The final 4 is set for FIBA Asia 2013

On August 1, 2013, 15 of Asia’s top basketball countries entered the 27th FIBA Asia tournament.

We are now down to the final four.

With a combined record of 25-3, each team essentially has two chances to come up with one win earning them a spot at the 2014 FIBA World Cup in Spain.

Here is what we know so far: there will be a new FIBA Asia champ as the curse continues. What curse am I talking about? Well, champions of the previous tournament are creating a trend in being knockout of the quarterfinal round. In 2011, the reigning champs Iran were eliminated in the Q-finals by Jordan.

FIBA Asia final four breakdown.

Iran (7-0) vs. Chinese Taipei (6-1)

The Iranian beast Hamed Haddadi.

The Iranian beast Hamed Haddadi.

This really is a “David vs. Goliath” showdown.

Chinese Taipei will play the role of “David” coming in as a huge underdog looking to ride the momentum from a thrilling win over the 2011 FIBA Asia champions China.

There  doesn’t seem to be a spotlight bright enough for this cinderella team. Time and time again, Taipei has stepped up when called upon to do so.

The age old question of the tournament remains; who will stop Iran’s Hamed Haddadi?

Haddadi has been the tournament MVP thus far. His presence is immediately felt when he is on the floor. At 7″2, he is difficult to box out and with a high release on hisshooting form, he impossible to block.

Quincy Davis is the star for Chinese Taipei. During the Taipei vs. China upset, Davis had a monster-like performance with 26 points on 12-of- 13 shooting. The Davis vs. Haddadi matchup will be an interesting one. If Iran draws too much attention to Davis, he can simply kick it out to one of his teammates behind the three point line where Taipei is shooting just under 42 per cent.

Buddha’s Predictions; Chinese Taipei has been hot, real hot. Waiting to extinguishing the blazing streak of Taipei is Iran. Now this won’t be a breeze for Iran but I think Taipei’s “bigs” get into foul trouble trying to contain Haddadi, this will create a decline in Taipei’s momentum. Iran +8

Korea (6-1) vs. Philippines (6-1)


Philippines finally gets its long awaited rematch.

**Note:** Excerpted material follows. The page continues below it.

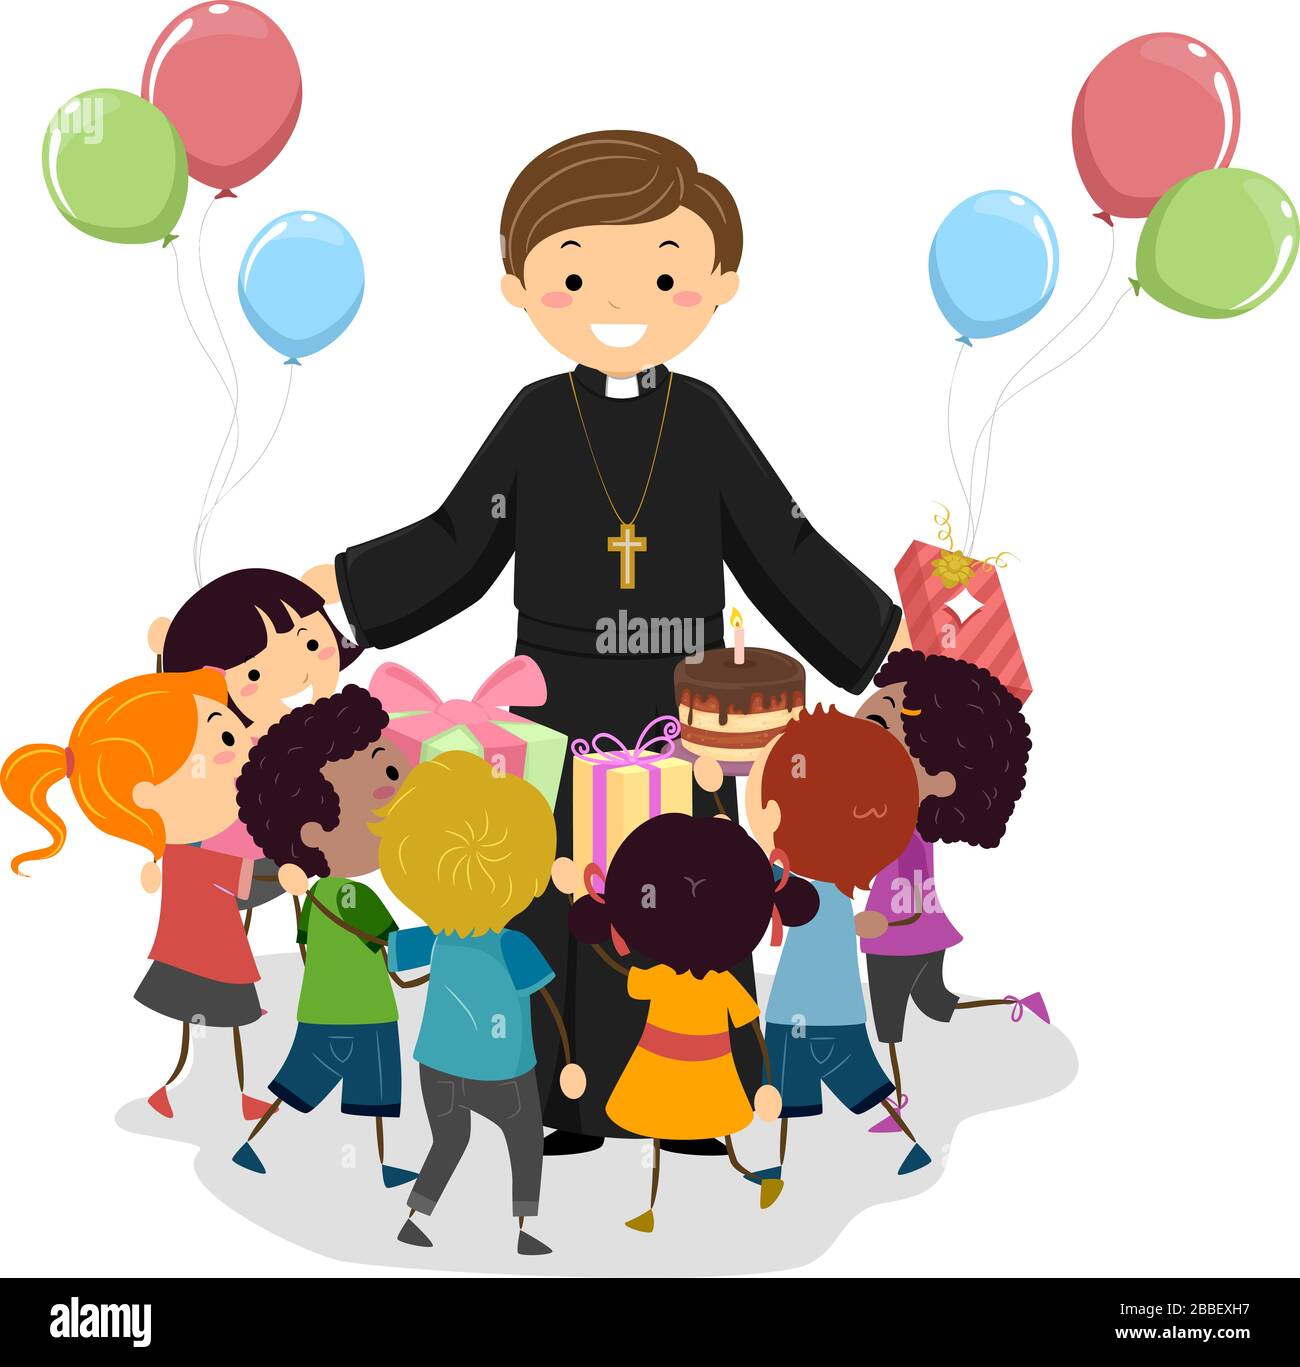 Illustration of Stickman Kids Giving Gifts to a Priest with Balloons, a  Cake and Other Gifts Stock Photo - Alamy

I’ll take you back to the 2011 FIBA Asia championships. The Philippines were playing Korea for the bronze medal and the final ticket to the 2012 London Olympic qualifiers.

Philippines dominated the entire game. I mean the entire game.

But wait, the Koreans started hitting three pointer, and-1s, getting to the line.

The Koreans rallied an incredible come back. A dagger shot through the heart of the Pilipino community when Tae J Moon hit a three point to take the lead and capping off a 17-6 fourth quarter run.

Don’t think that is enough? Well check out the story behind the 2002 Asian Games. Year after year the Koreans have had the Philippines’ number on all accounts.

But now the Philippines are on home soil. They are being heard across Asia. A statement was made in the Q-finals matchup against Kazakhstan. They believe it is now or never.

Expect a back and forth fast paced match with a lot of energy. Yes, there will be a lot of turnovers, a lot of fouls but the transition/ball movement/three point shooting will make up for it.

The Koreans have four players averaging double figures in scoring. Watch out for Eric Sandrin. He can be a dominant force in the paint. He is one of those players you hate playing against and love having on your team.

Philippines coach Chot Reyes hopes superstar Japeth Aguilar can step up when the spotlight shines the brightest.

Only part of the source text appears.